> **Records shown**
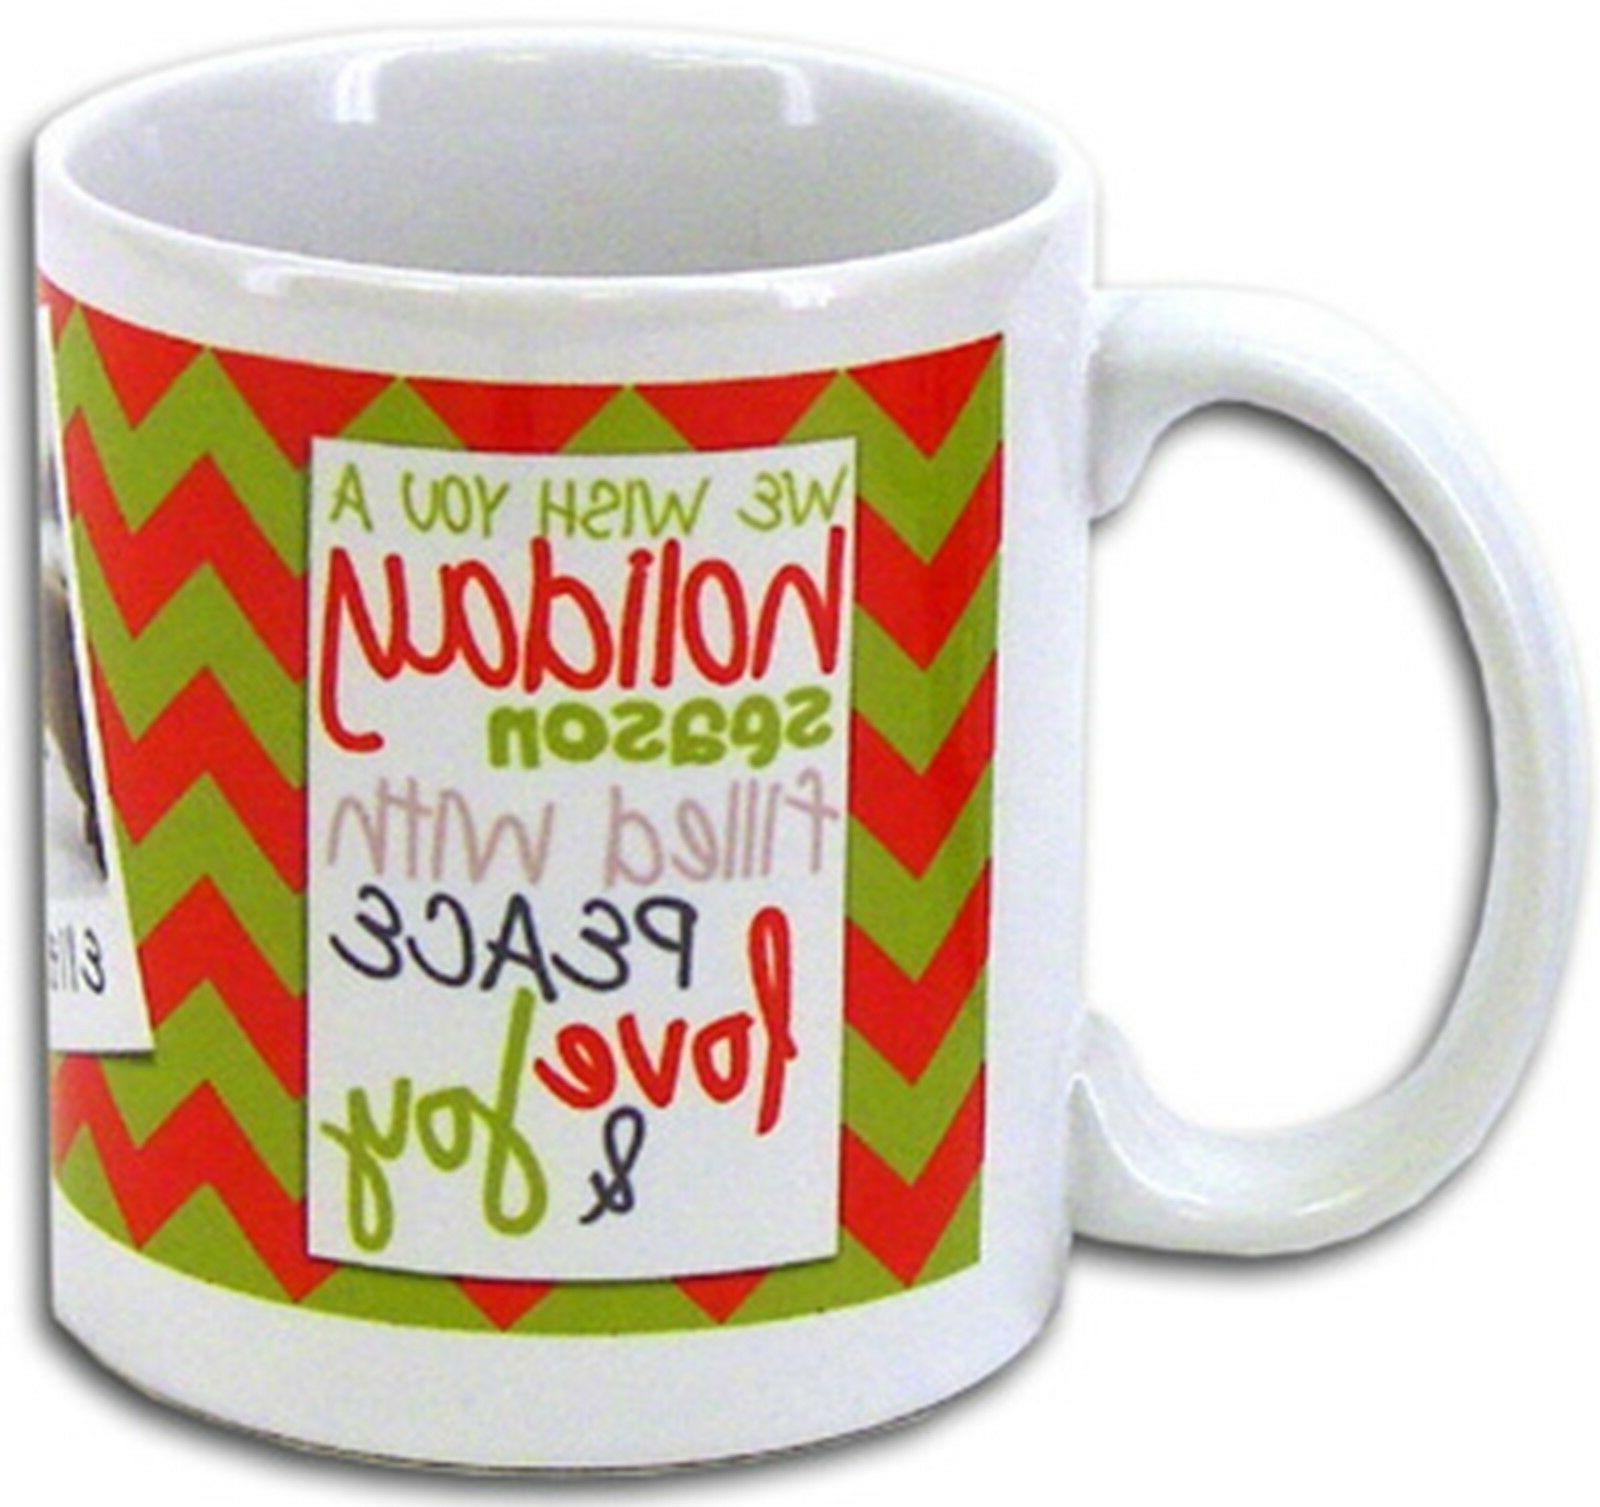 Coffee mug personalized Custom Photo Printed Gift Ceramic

--

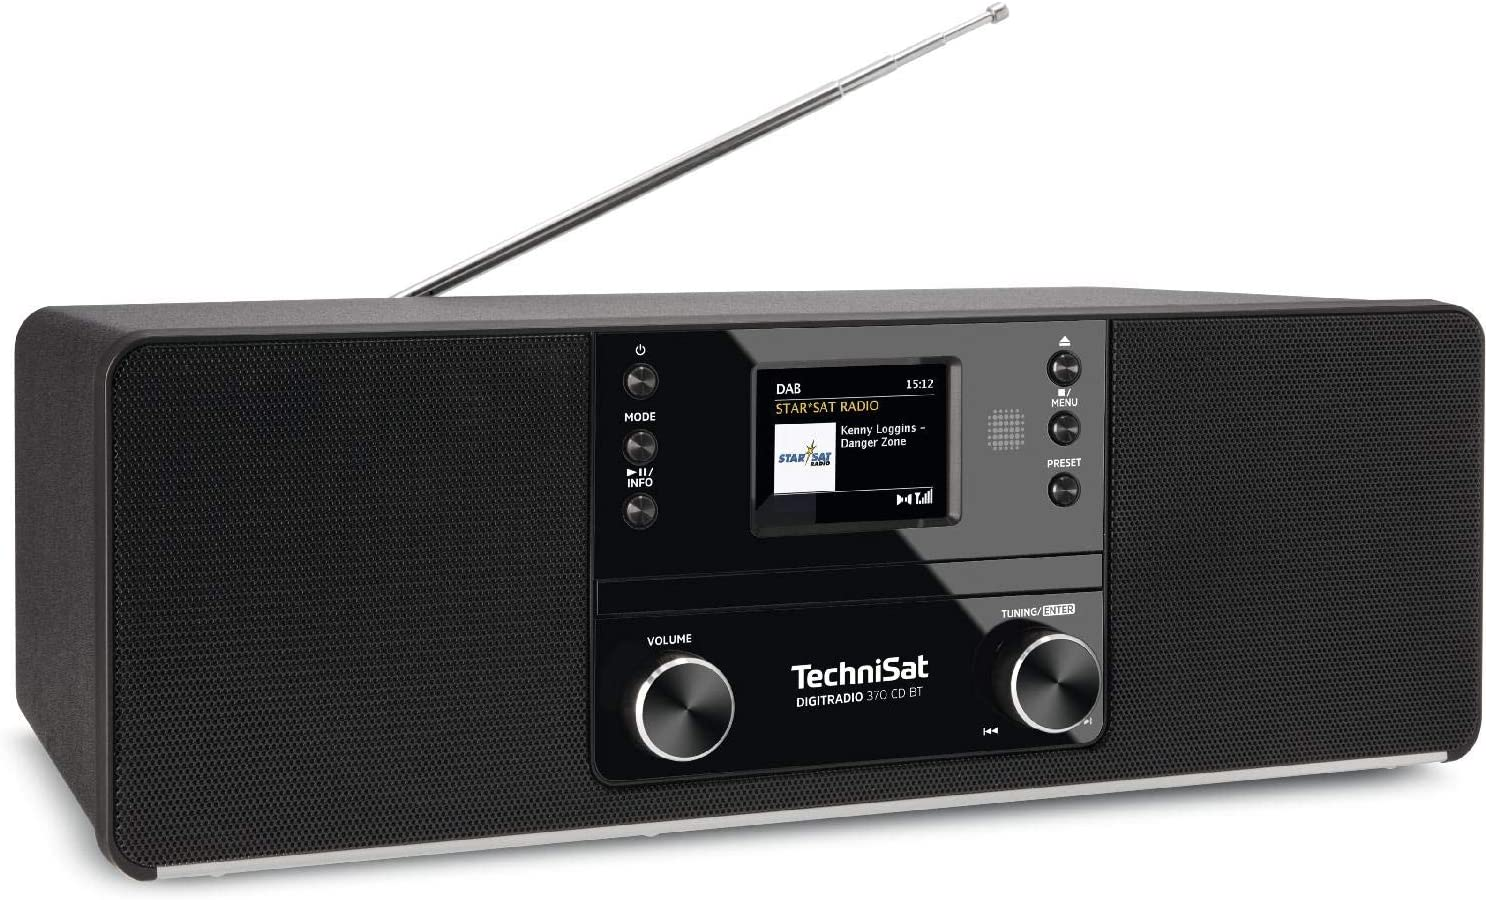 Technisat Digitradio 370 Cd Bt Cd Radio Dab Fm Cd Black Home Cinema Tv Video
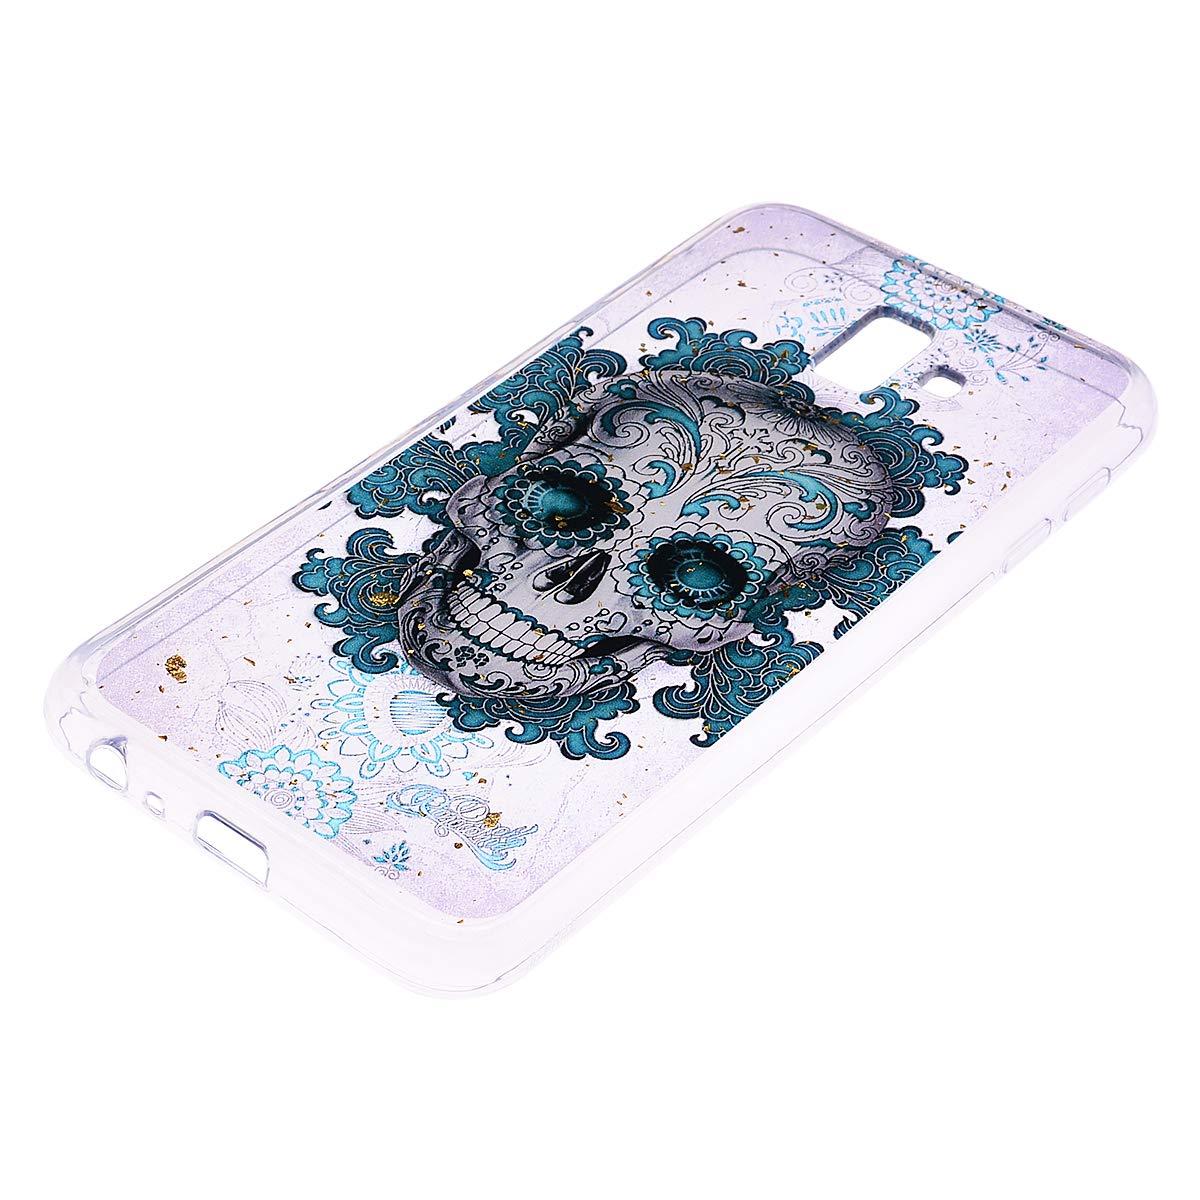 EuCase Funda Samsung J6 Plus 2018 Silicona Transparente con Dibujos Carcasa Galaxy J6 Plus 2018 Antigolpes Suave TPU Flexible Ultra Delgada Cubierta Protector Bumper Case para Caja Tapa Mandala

---

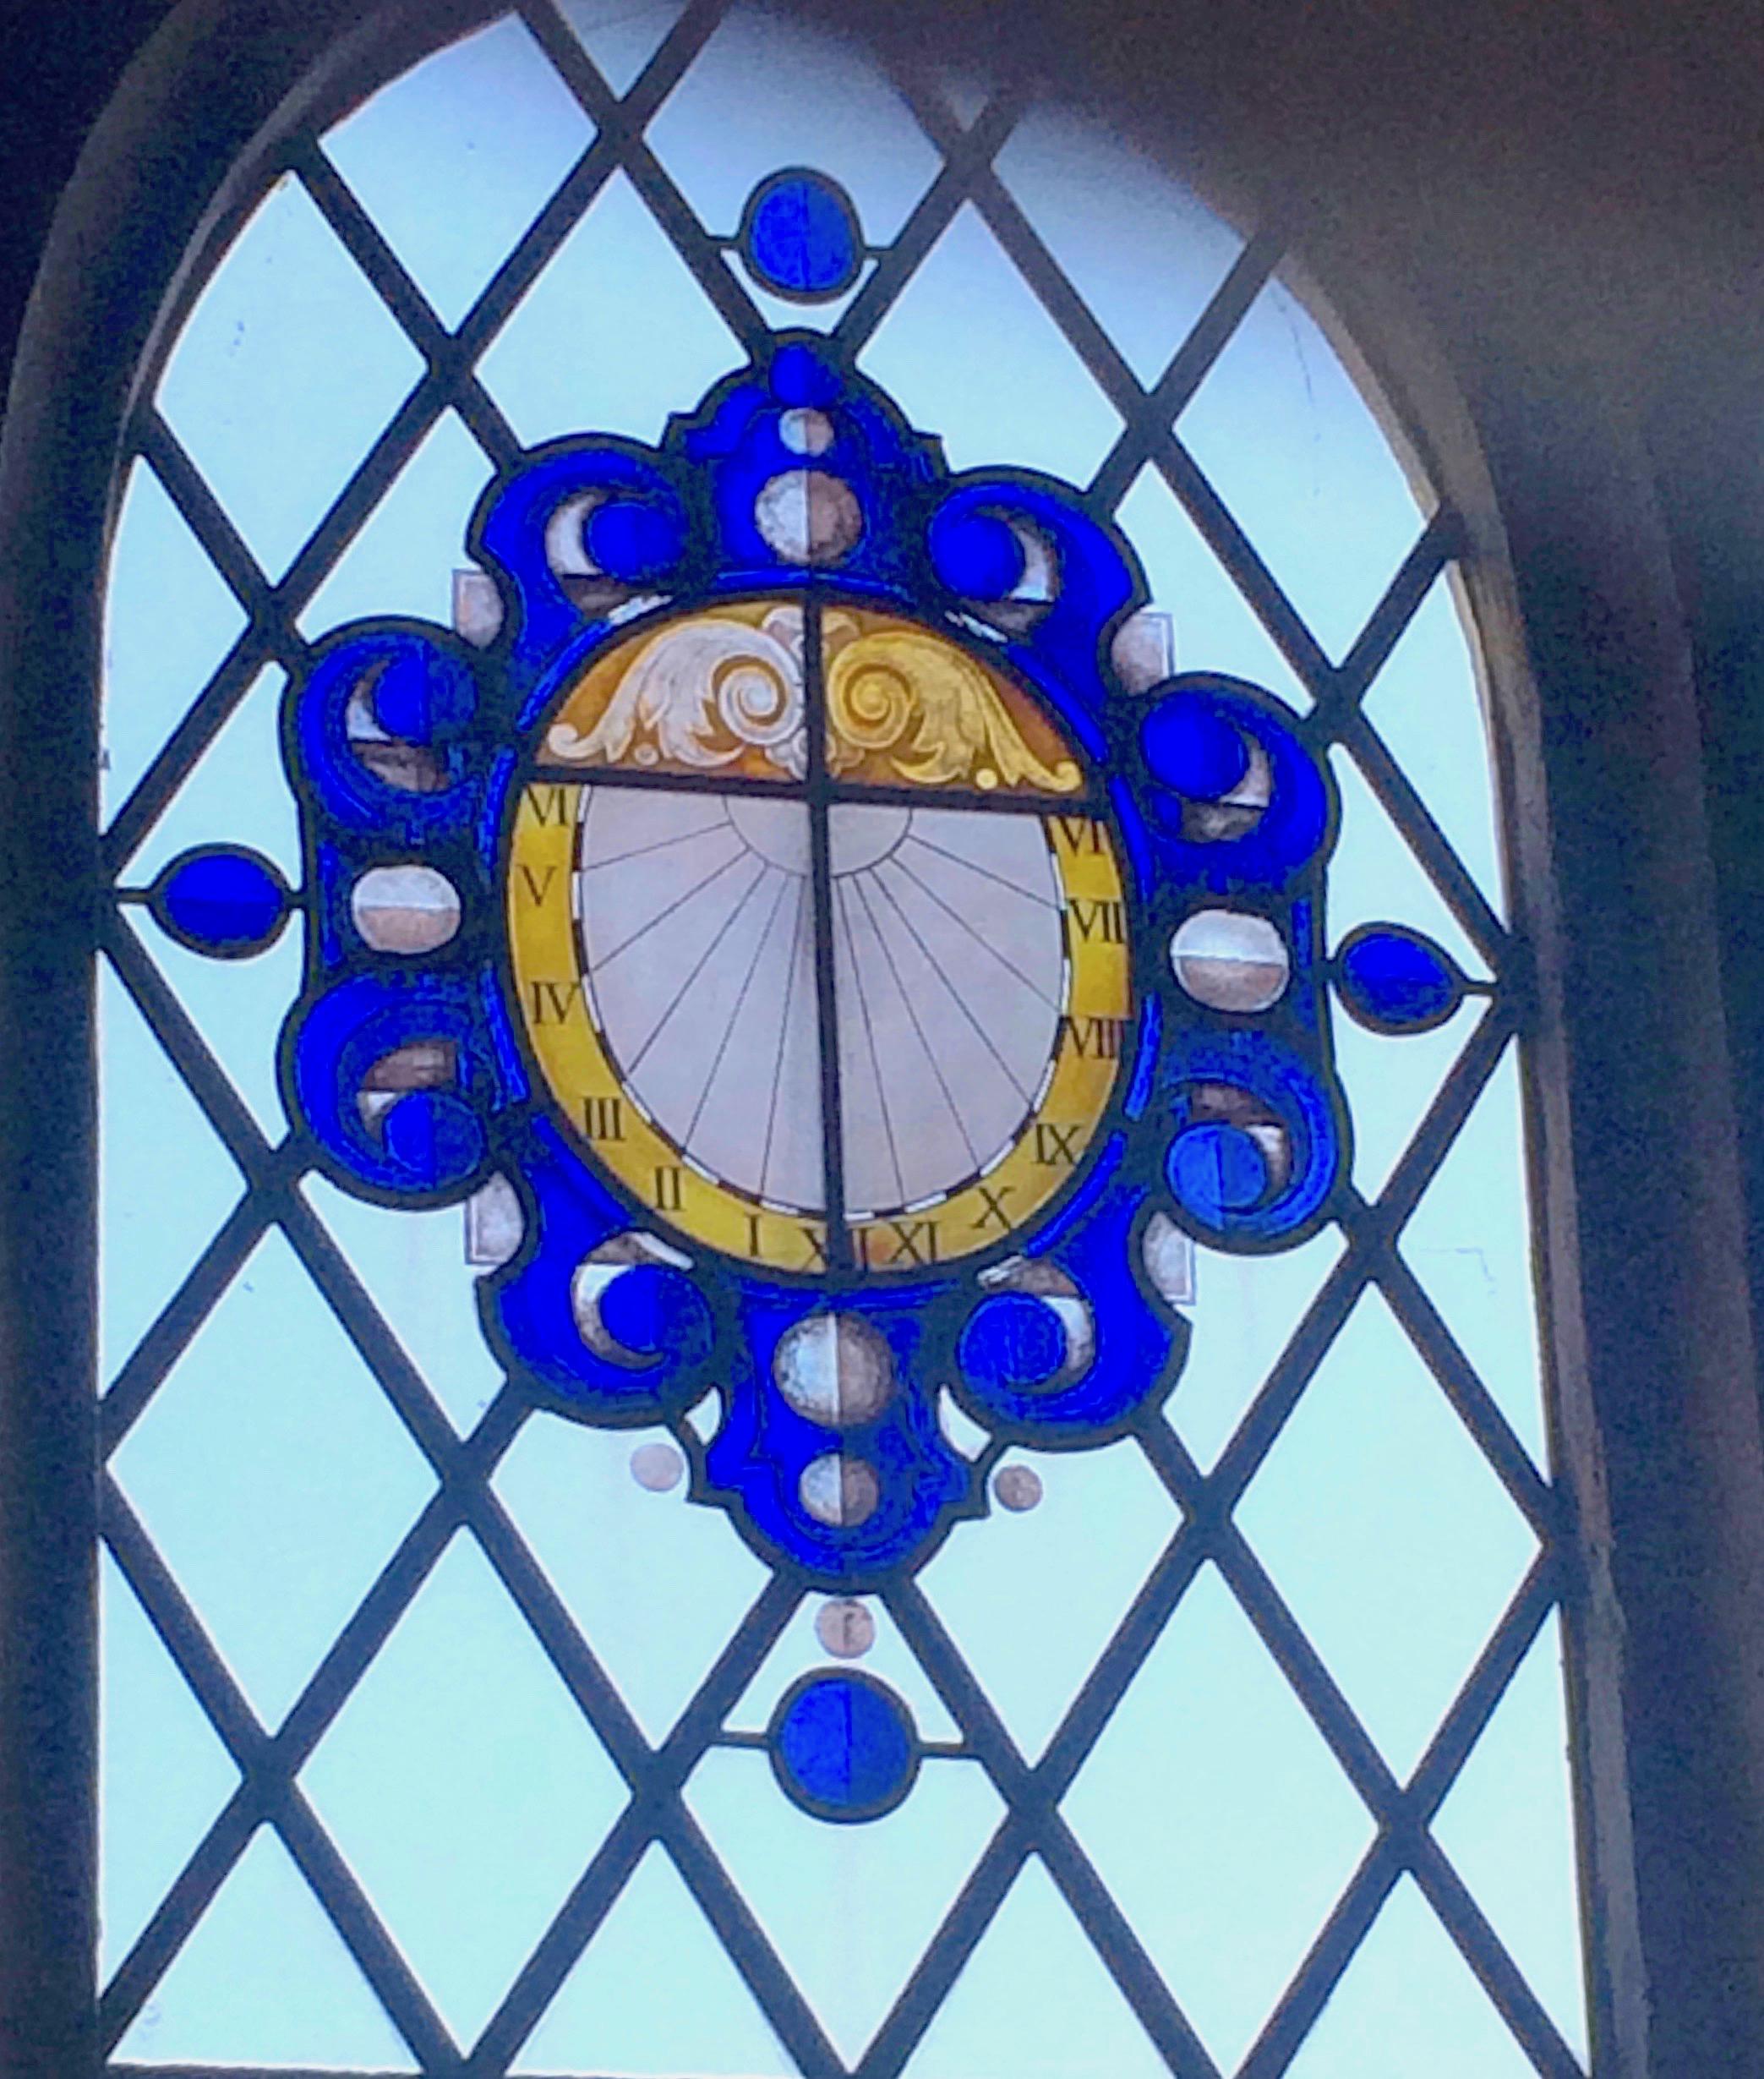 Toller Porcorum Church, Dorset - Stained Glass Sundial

> **What this task involves**
Return exactly the stretch above whose first line contains "Technisat Digitradio 370" and whose last line contains "EuCase Funda Samsung", and nothing outside it. The pictures should not appear.

> **Solved problem**
 Technisat Digitradio 370 Cd Bt Cd Radio Dab Fm Cd Black Home Cinema Tv Video
 EuCase Funda Samsung J6 Plus 2018 Silicona Transparente con Dibujos Carcasa Galaxy J6 Plus 2018 Antigolpes Suave TPU Flexible Ultra Delgada Cubierta Protector Bumper Case para Caja Tapa Mandala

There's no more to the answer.